Predicting Insurance Cost with Demographic Data

By Shane Chambers & Guillermo Veron

In [38]:
insurance.head()
Out[38]:
age sex bmi children smoker region charges
0 19 female 27.900 0 yes southwest 16884.92400
1 18 male 33.770 1 no southeast 1725.55230
2 28 male 33.000 3 no southeast 4449.46200
3 33 male 22.705 0 no northwest 21984.47061
4 32 male 28.880 0 no northwest 3866.85520

Data used in this project can be found here. This is a Medical Cost Personal Datasets dataset designed for machine learning exploration from Kaggle.

This dataset contains ~1400 observations, each with 7 dimensions.

Goal:

Predict the cost of insurance for an individual (Regression)

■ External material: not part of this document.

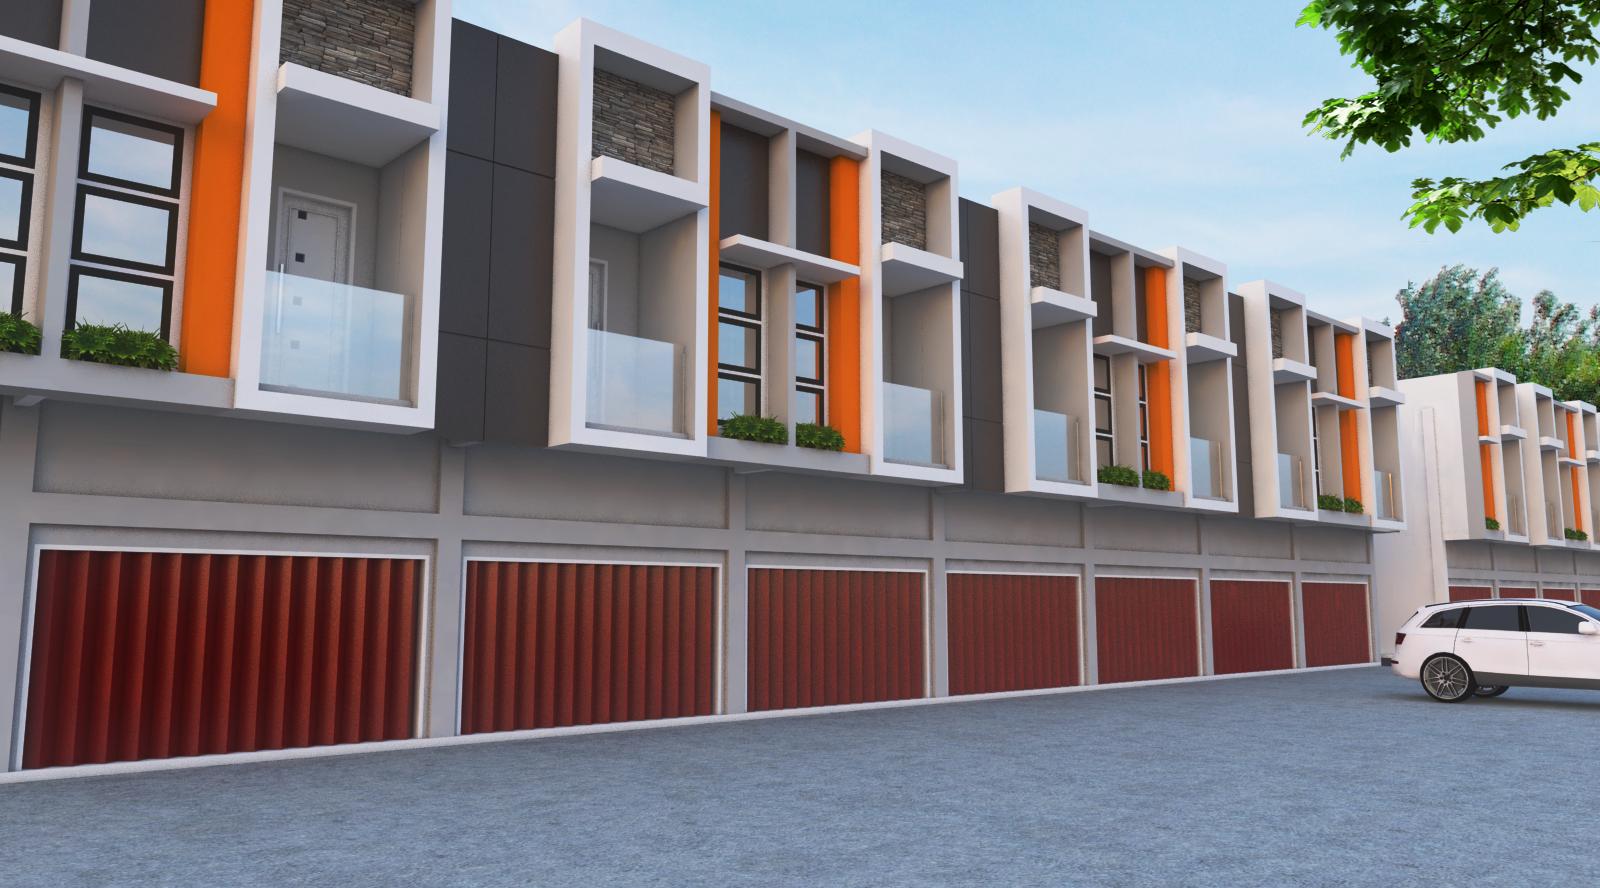 gambar desain ruko minimalis modern 3 lantai tampak depan
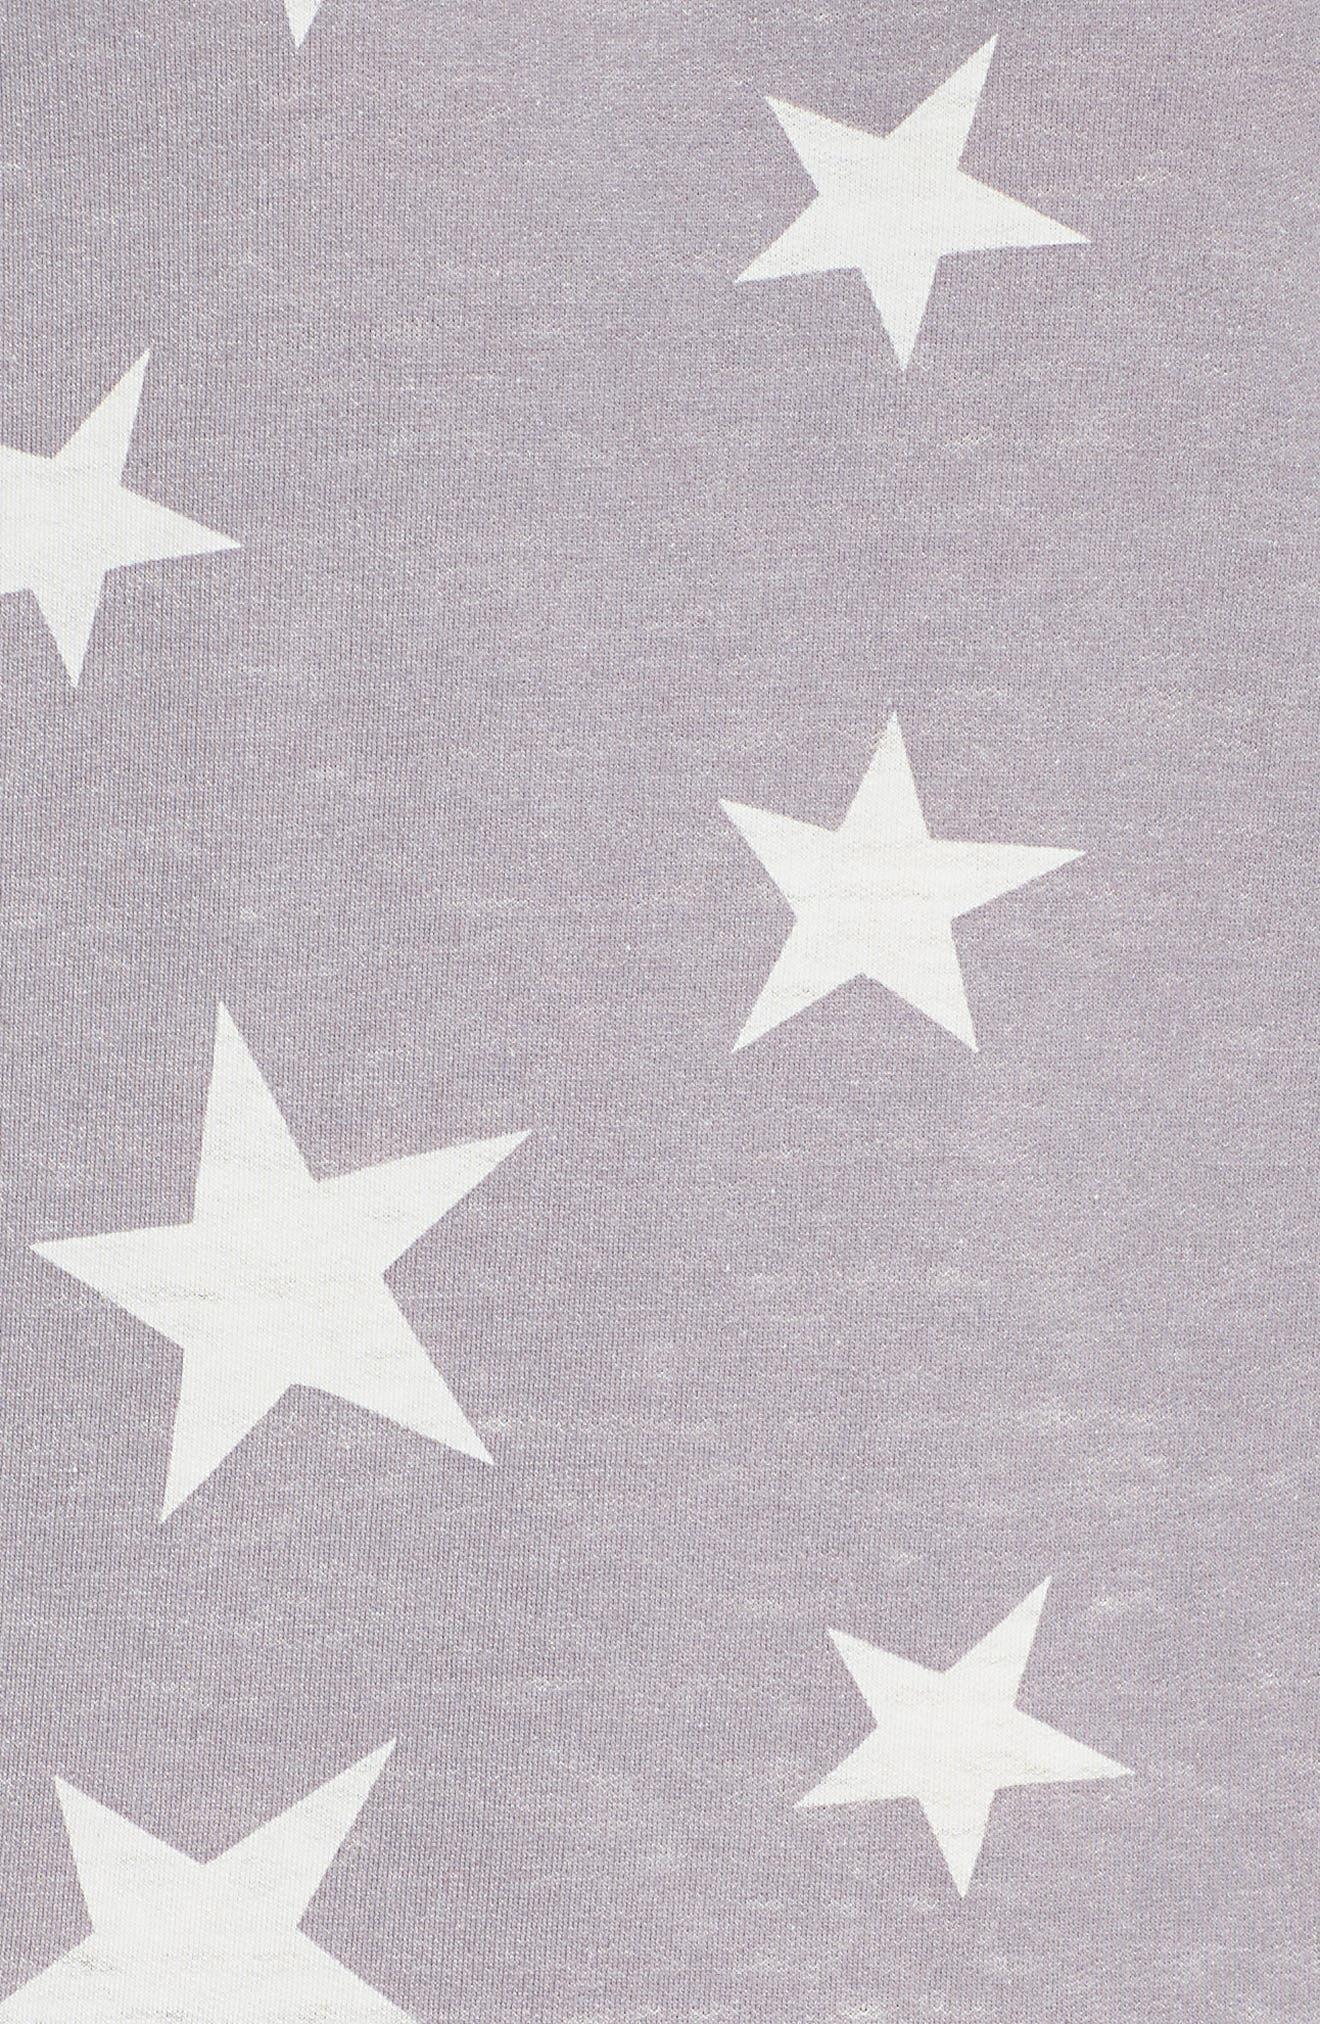 HONEYDEW INTIMATES, Burnout Lounge Sweatshirt, Alternate thumbnail 5, color, 031

Search for some underlying structure in the data (Unsupervised clustering)

Approach:

Regression: Fit LR, KNN, and random forest models using both normalized and unnormalized data

Clustering: K-means clustering

Relationships Between Variables

Now we can explore the relationships between variables using seaborn's pairplot:

In [49]:
import seaborn as sns

sns.pairplot(insurance, plot_kws= {'alpha' : .2})
Out[49]:
<seaborn.axisgrid.PairGrid at 0x1a1f313588>

We begin to see some interesting trends, namely three distinct groups that appear in the charges vs. age plot. We can try to investigate this by coloring the plots by some of our categorical variables:

Pairplot Colored by Smoking Status:

In [50]:
sns.pairplot(insurance, hue = 'smoker', plot_kws= {'alpha' : .2})
Out[50]:
<seaborn.axisgrid.PairGrid at 0x1a1fba65c0>

Here we begin to see the age vs. charges groups separate, and we see a new trend in the relationship between charges and bmi.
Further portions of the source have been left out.